Dennoch kann es in Ausnahmefällen geboten sein, einem Ausländer, der Inhaber einer Aufenthaltsgestattung oder einer Duldung ist, die Berechtigung zuzusprechen, auf die Dauer von mindestens einem Jahr für sich einen Wohnsitz als Mittelpunkt der Lebensbeziehungen zu begründen (a. A. zu § 27 Abs. 2 Satz 1 WoFG [des Bundes] VG Münster, Beschluss vom 07.02.2008 - 5 L 19/08 -, juris). Für den Bereich der Aufenthaltsgestattung ist das in Nr. 3.3.3 DH-LWoFG zu § 4 Abs. 7 LWoFG anerkannt, indem dort ausgeführt ist: Ein Asylbewerber, der lediglich über eine Aufenthaltsgestattung (§ 55 AsylVfG) verfügt, kann ausnahmsweise Wohnungssuchender sein, wenn ihm laut Auskunft der Ausländerbehörde nach Abschluss des Asylverfahrens voraussichtlich eine Aufenthaltserlaubnis mit einer Geltungsdauer von mindestens einem Jahr erteilt werden wird. Mit dieser Ausnahme tragen die DH-LWoFG der Rechtsprechung des Bundesverwaltungsgerichts (Urteil vom 13.08.2003, AuAS 2003, 239) Rechnung. Dort hat das Bundesverwaltungsgericht einem Asylbewerber die Berechtigung zur Beantragung eines Wohnberechtigungsscheins (allerdings nach dem heute nicht mehr geltenden § 5 WoBindG a. F.) zugesprochen und in den Gründen ausgeführt: Zwar treffe es zu, dass die Aufenthaltsgestattung ihrer Funktion nach nicht auf einen Daueraufenthalt gerichtet sei, sondern dem Asylbewerber zur Durchführung des Asylverfahrens im Bundesgebiet zustehe. Das schließe es aber nicht aus, dass ein Asylbewerber einen gewöhnlichen Aufenthalt begründen könne, nämlich dann, wenn er sich an einem Ort unter Umständen aufhalte, die erkennen ließen, dass er an diesem Ort oder in diesem Gebiet nicht nur vorübergehend verweile.

Aus vergleichbaren Gründen kann es auch bei dem Inhaber einer Duldung geboten sein, Ausnahmen anzuerkennen, nämlich dann, wenn er sich an einem Ort unter Umständen aufhält, die erkennen lassen, dass er an diesem Ort oder in diesem Gebiet nicht nur vorübergehend verweilen wird.

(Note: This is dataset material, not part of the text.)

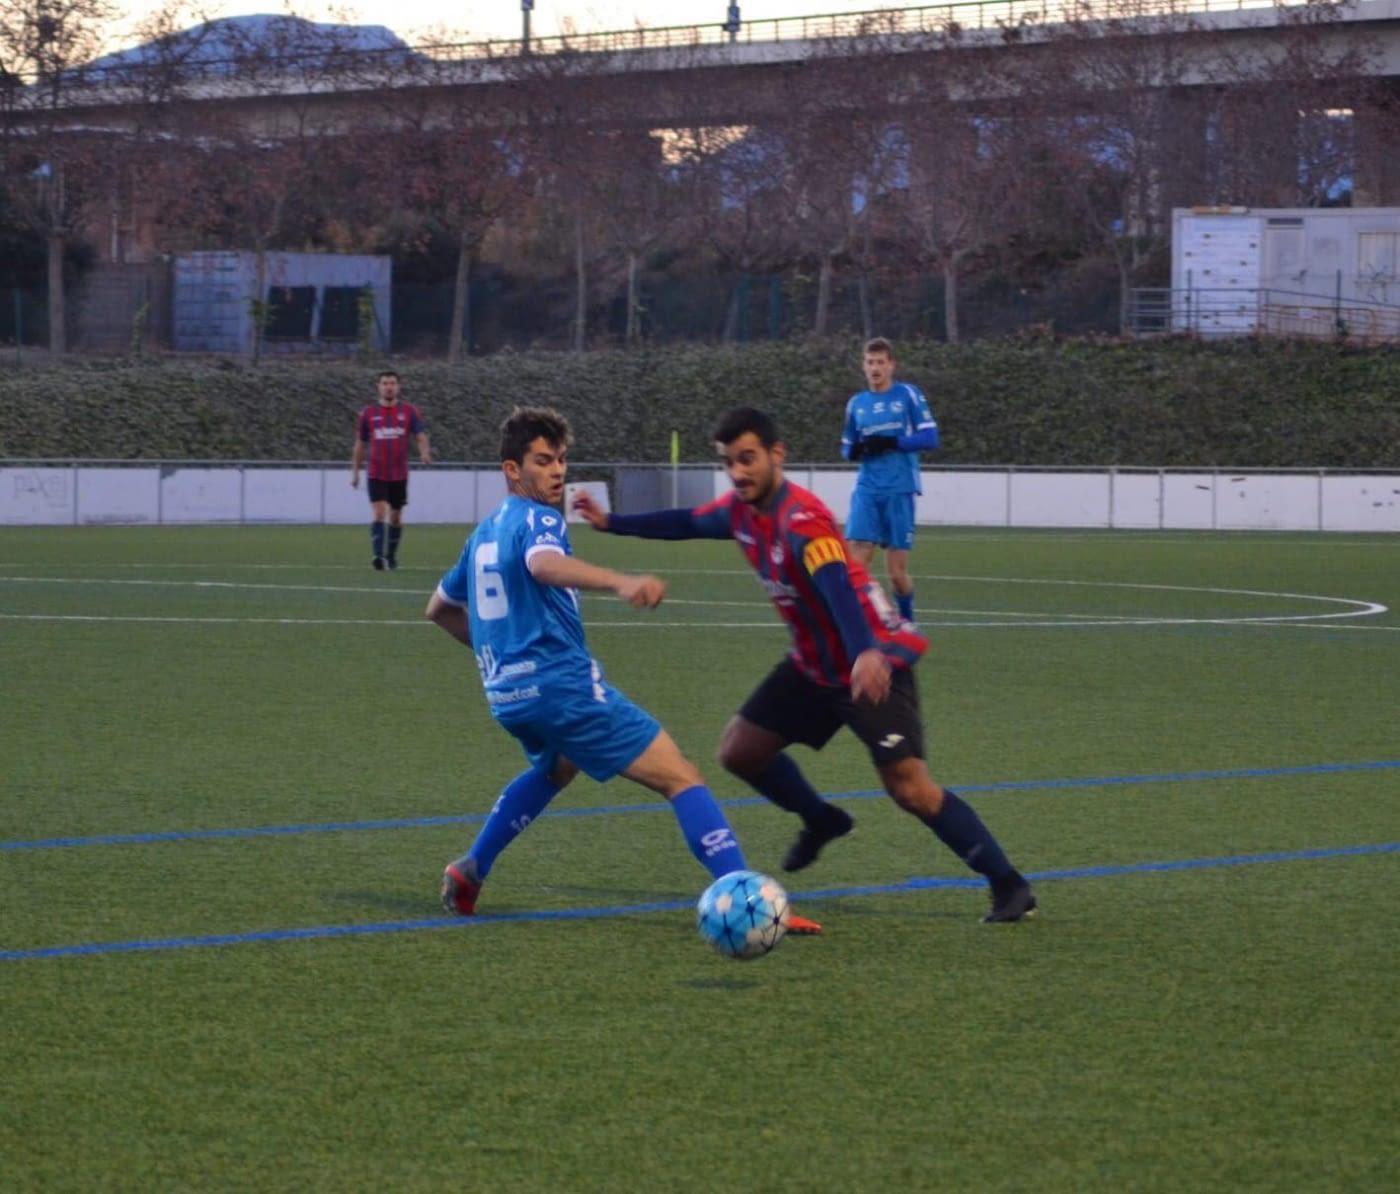 Crònica - Jornada 17 Primera Catalana: C.E Unio Cambrils  0-0  U.E.Tàrrega
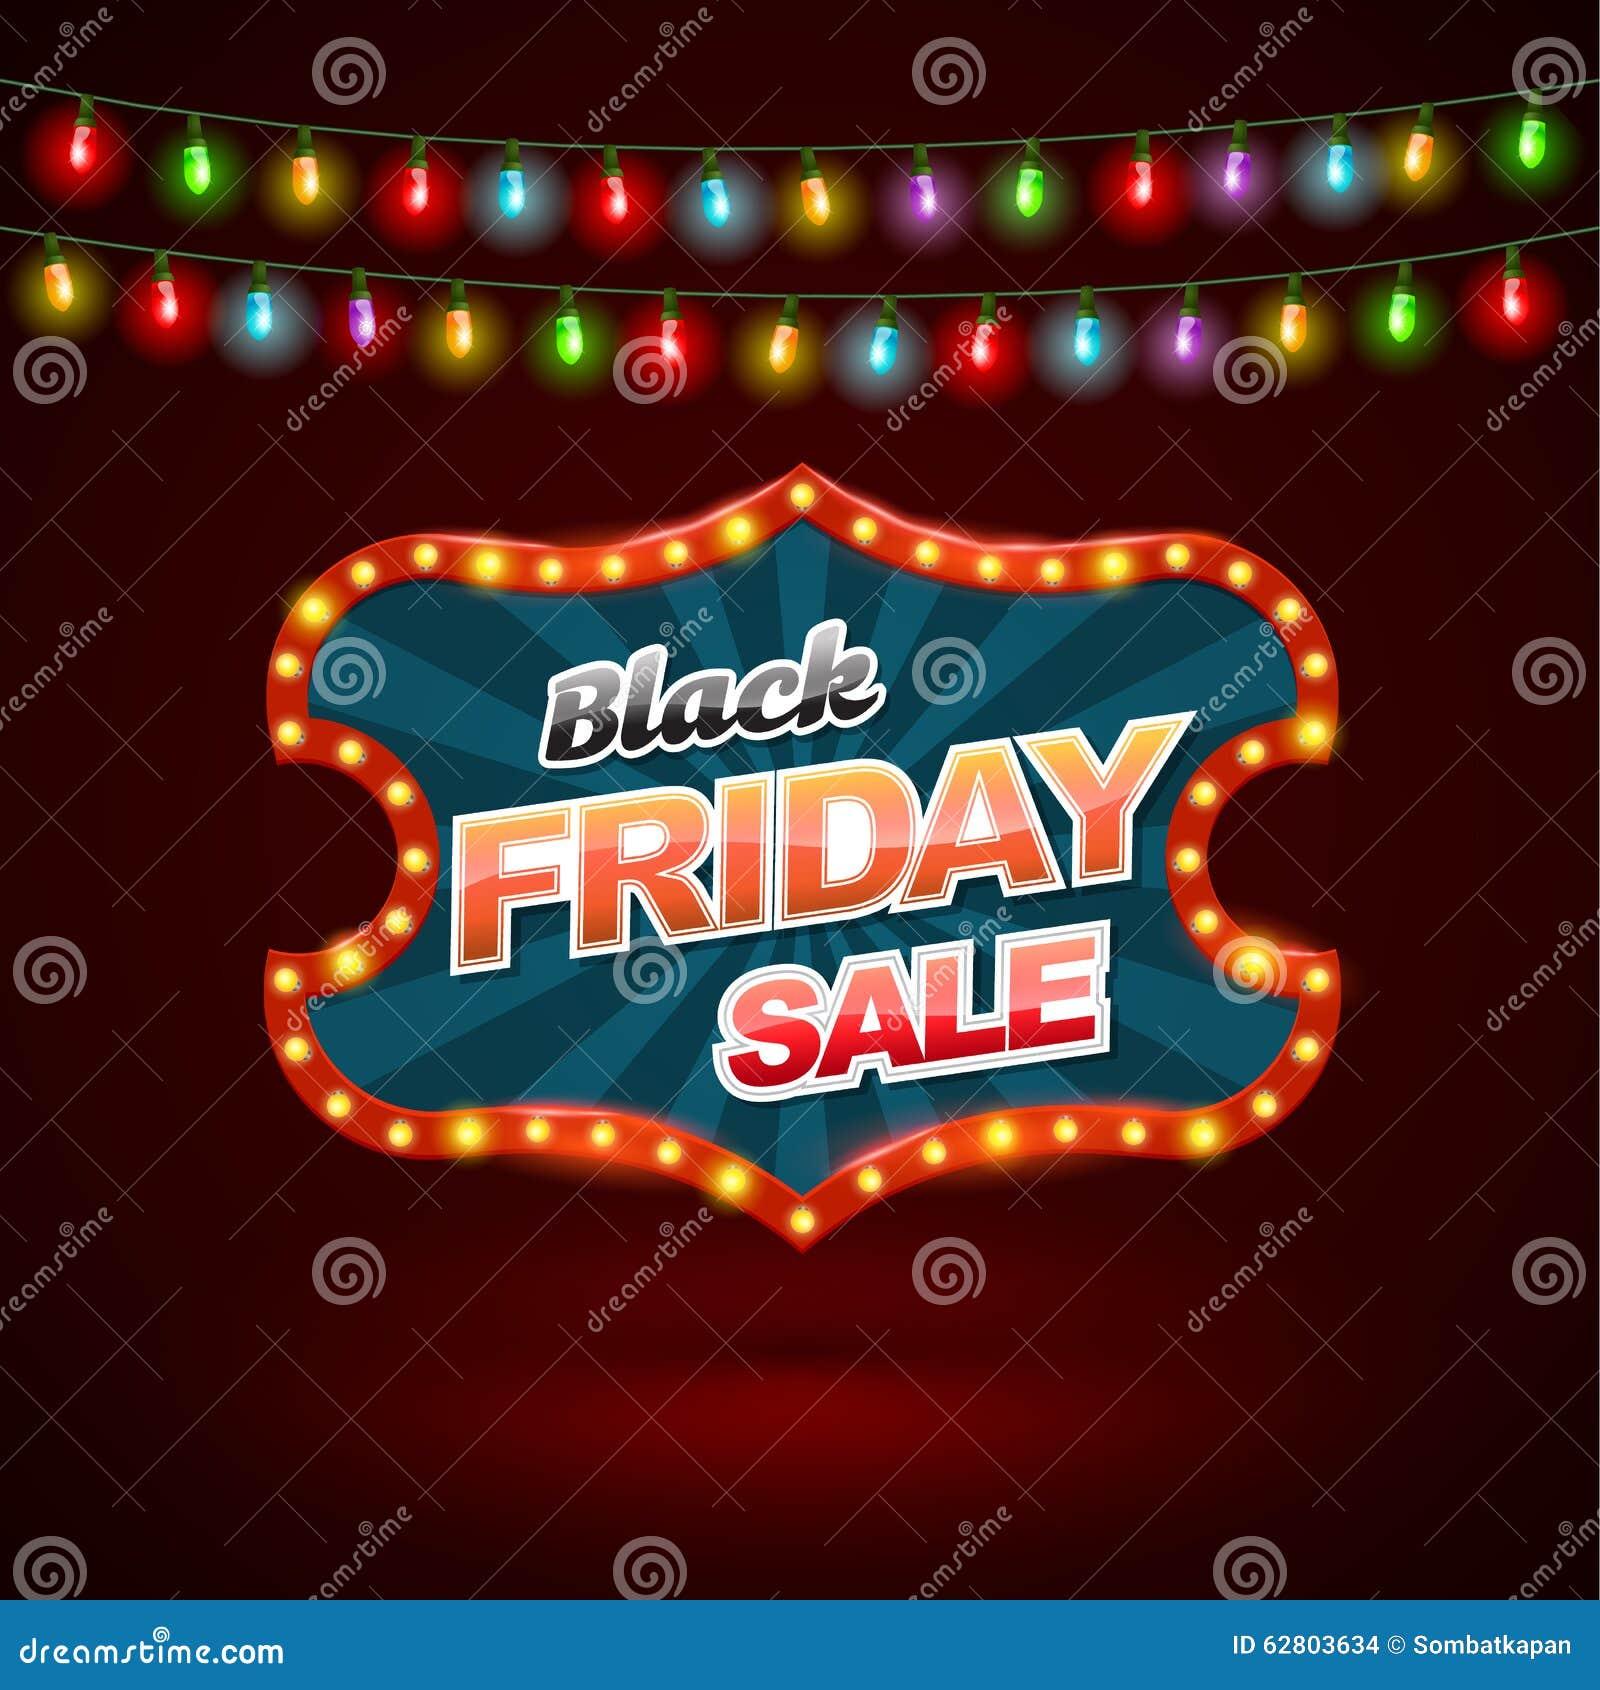 Black Friday Christmas Decoration Deals

Denn es ist ein bekanntes Phänomen, dass manche Ausländer nur eine Duldung besitzen, obwohl sie sich seit vielen Jahren (in Einzelfällen sogar seit Jahrzehnten) in Deutschland aufhalten und allen Beteiligten bewusst ist, dass sie auch weitere Jahre, wenn nicht gar für immer, in Deutschland bleiben werden, weil ihrer Abschiebung auf Dauer (tatsächliche oder rechtliche) Gründe im Sinne von § 60a Abs. 2 AufenthG entgegenstehen. Sie bekommen oftmals nur deshalb keinen Aufenthaltstitel, weil sie u. a. entweder die (Regel-)Erteilungsvoraussetzungen des § 5 Abs. 1 und/oder 2 AufenthG nicht erfüllen, § 10 AufenthG der Erteilung eines Aufenthaltstitels entgegensteht oder weil die Erteilung eines Aufenthaltstitel durch das (formelle) Hindernis des § 79 Abs. 2 AufenthG gesperrt ist - gerade auf den zuletzt genannten Aspekt hat sich die Ausländerbehörde im Fall der Klägerin berufen.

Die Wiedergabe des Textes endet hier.